Texas – Formerly incarcerated men and women won a major victory to end employment discrimination against hiring ex-offenders and to restore their civil rights for Fair Chance Hiring, reports Grassroots Leadership. The movement, called The Fair Chance, is a nationwide campaign that requires employers to consider candidates on their merit prior to asking about criminal convictions, moving the background check to the end of the hiring process. The Austin City Council voted in March 2016 to pass a Fair Chance Hiring Ordinance.
Louisiana – An effort to restore the voting rights of Louisianans who have felony convictions or are on parole or probation has been rejected by a federal judge. District Judge Tim Kelley called the disenfranchisement law unfair but constitutional under state law, The Times-Picayune reports. The ruling has been appealed, asserting that voting is an unalienable right held by all Louisiana citizens, including those on probation and parole.
Jackson, Miss. – A legal group is asking a federal court to strike down Mississippi’s constitutional bar preventing citizens from voting ever again after being convicted of certain felonies, The Associated Press reports. Attorneys representing the disenfranchised citizens estimate that more than 50,000 Mississippians have been disqualified from voting since 1994 due to these convictions. About 60 percent are Black, in a state whose population is 37 percent Black. The suit describes the disenfranchising crimes as “an integral part of the overall effort to prevent African-Americans in Mississippi from voting.”

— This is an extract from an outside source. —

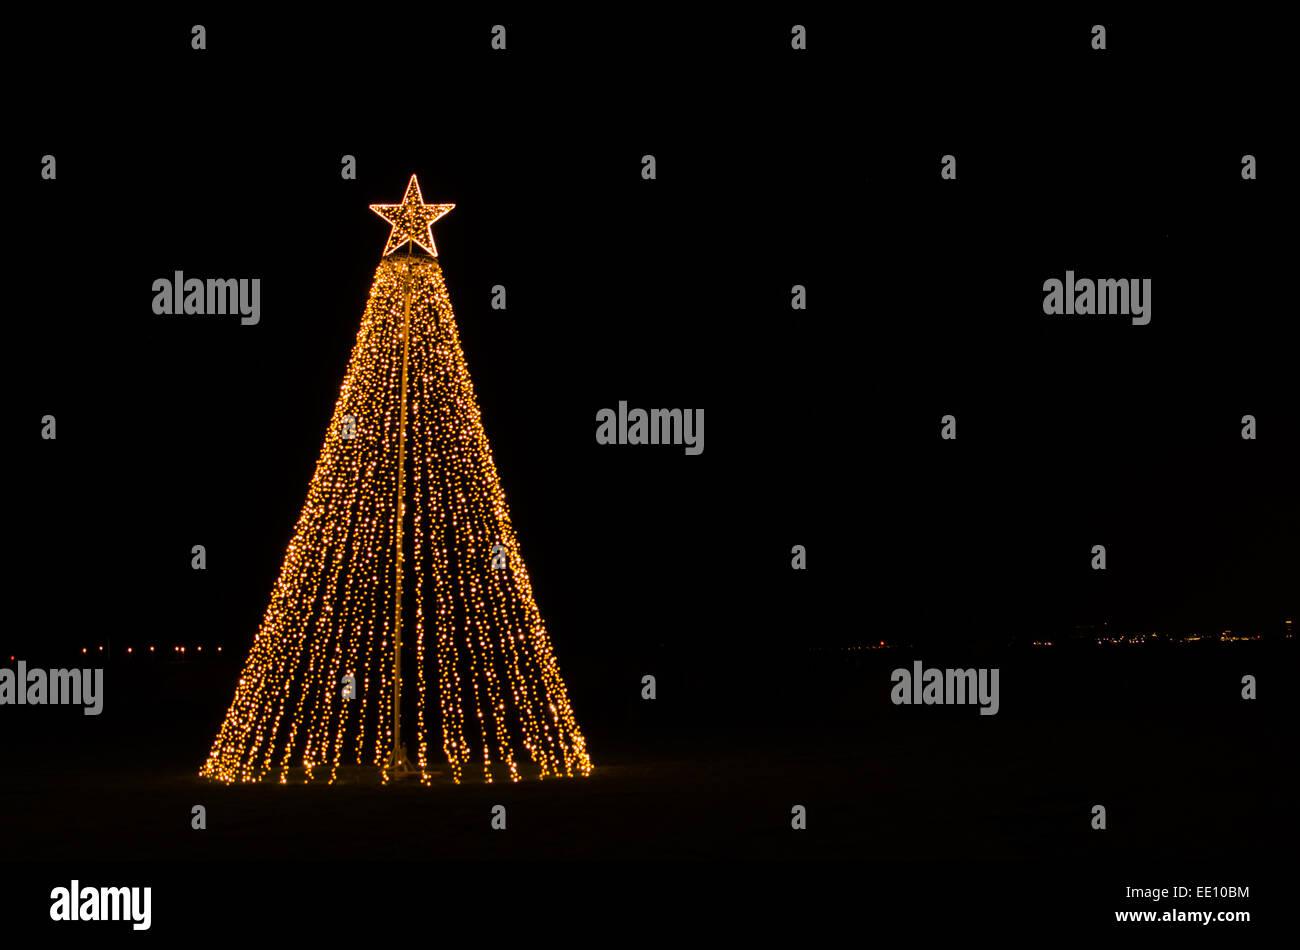 Stern Weihnachtsbeleuchtung.Outdoor Weihnachtsbeleuchtung In Form Eines Weihnachtsbaumes Mit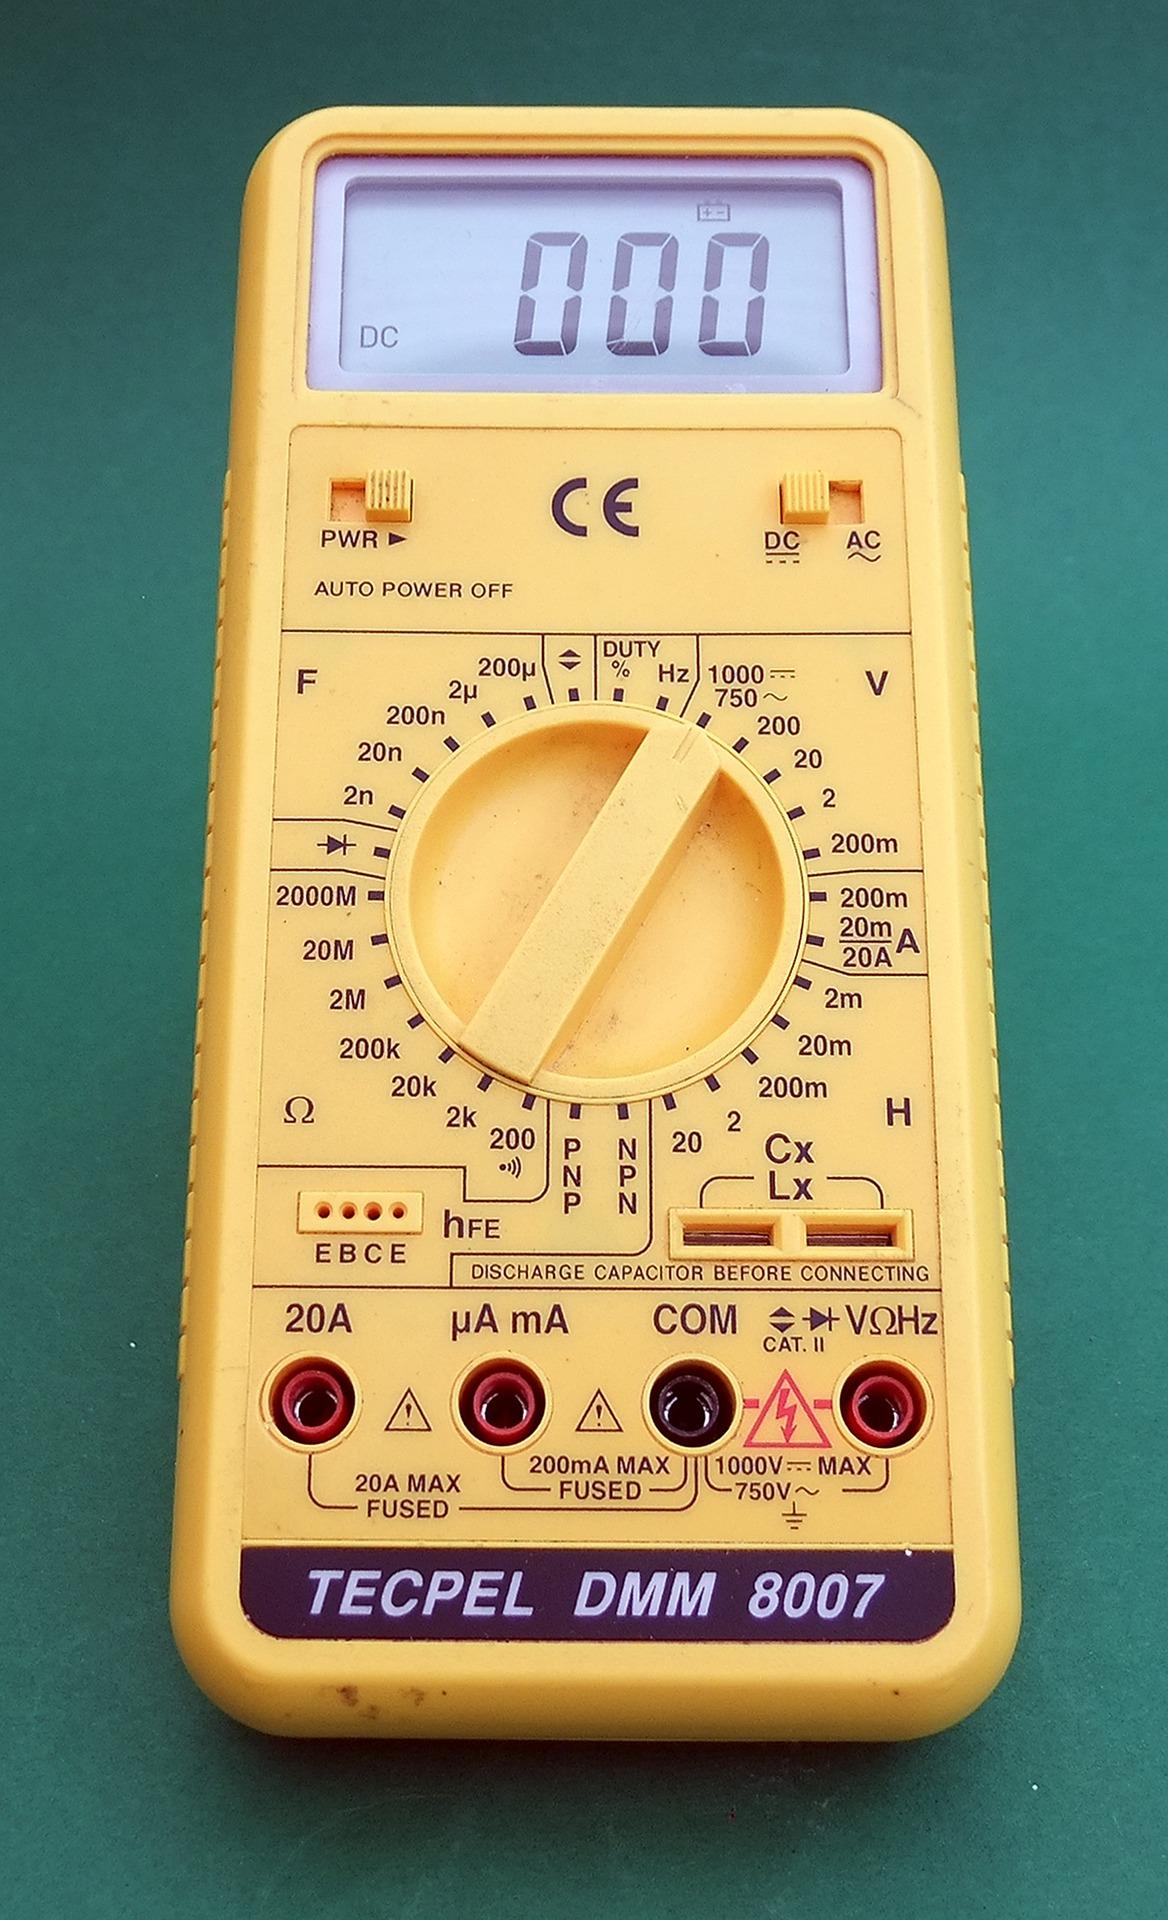 multimeter-2648619_1920.jpg

Montana – The state is facing a $227 million revenue shortfall, Montana Public Radio reports. CoreCivic runs the state’s only private prison and has offered a $30 million dollar bailout if state lawmakers would extend its contract for another 10 years. The $30 million offer would cover about 13 percent of the revenue shortfall.
Tennessee – Men of Valor, a faith-based organization founded by ex-inmate Carl Carlson, is providing the formerly incarcerated education, training, counseling and treatment in an effort to tackle the state’s nearly 50 percent re-arrest and recidivism rate, The Tennessean reports. Nationally more than two-thirds of all formerly incarcerated men are arrested again within three years after being released—within five years, 76 percent are rearrested.
Vermont – Vermont inmates transferred to a state-run Pennsylvania prison last summer are being denied confidential phone calls with their attorneys at the defender general’s office and are being discouraged — and sometimes outright prevented — from meeting with those attorneys during visits to the Pennsylvania prison, according to Vermont Defender General Matthew Valerio, Vermont Public Radio reports.
Washington – A federal lawsuit has forced state officials to move all juvenile defendants charged as adults to living conditions better than solitary confinement, The Seattle Times reports. The lawsuit filed by Columbia Legal Services noted that four teens awaiting trial and living in isolation cells received only 10 minutes per day of face-to-face conversation with a teacher, who slid work sheets under their door.
Nebraska – The second-most-overcrowded state prisons in the nation are located in Nebraska, World-Herald News Service reports. In four of the state’s prisons, inmates sent to solitary confinement are double-bunked. Last April, a double-bunked inmate was charged with first-degree murder for killing his cellmate, causing state lawmakers to look into the practice. The use of solitary confinement, which has been shown to exacerbate mental troubles and illnesses, has also drawn concern from state lawmakers, who passed a law in 2015 seeking to reduce its use.
Texas – Wrongfully convicted men and women are paid a lump sum of $80,000 for every year they were behind bars, The Dallas Morning News reports. So far, that price tag is $109,987,935. The money has gone to men and women who together spent a total of 1,160 years imprisoned for crimes they didn’t commit.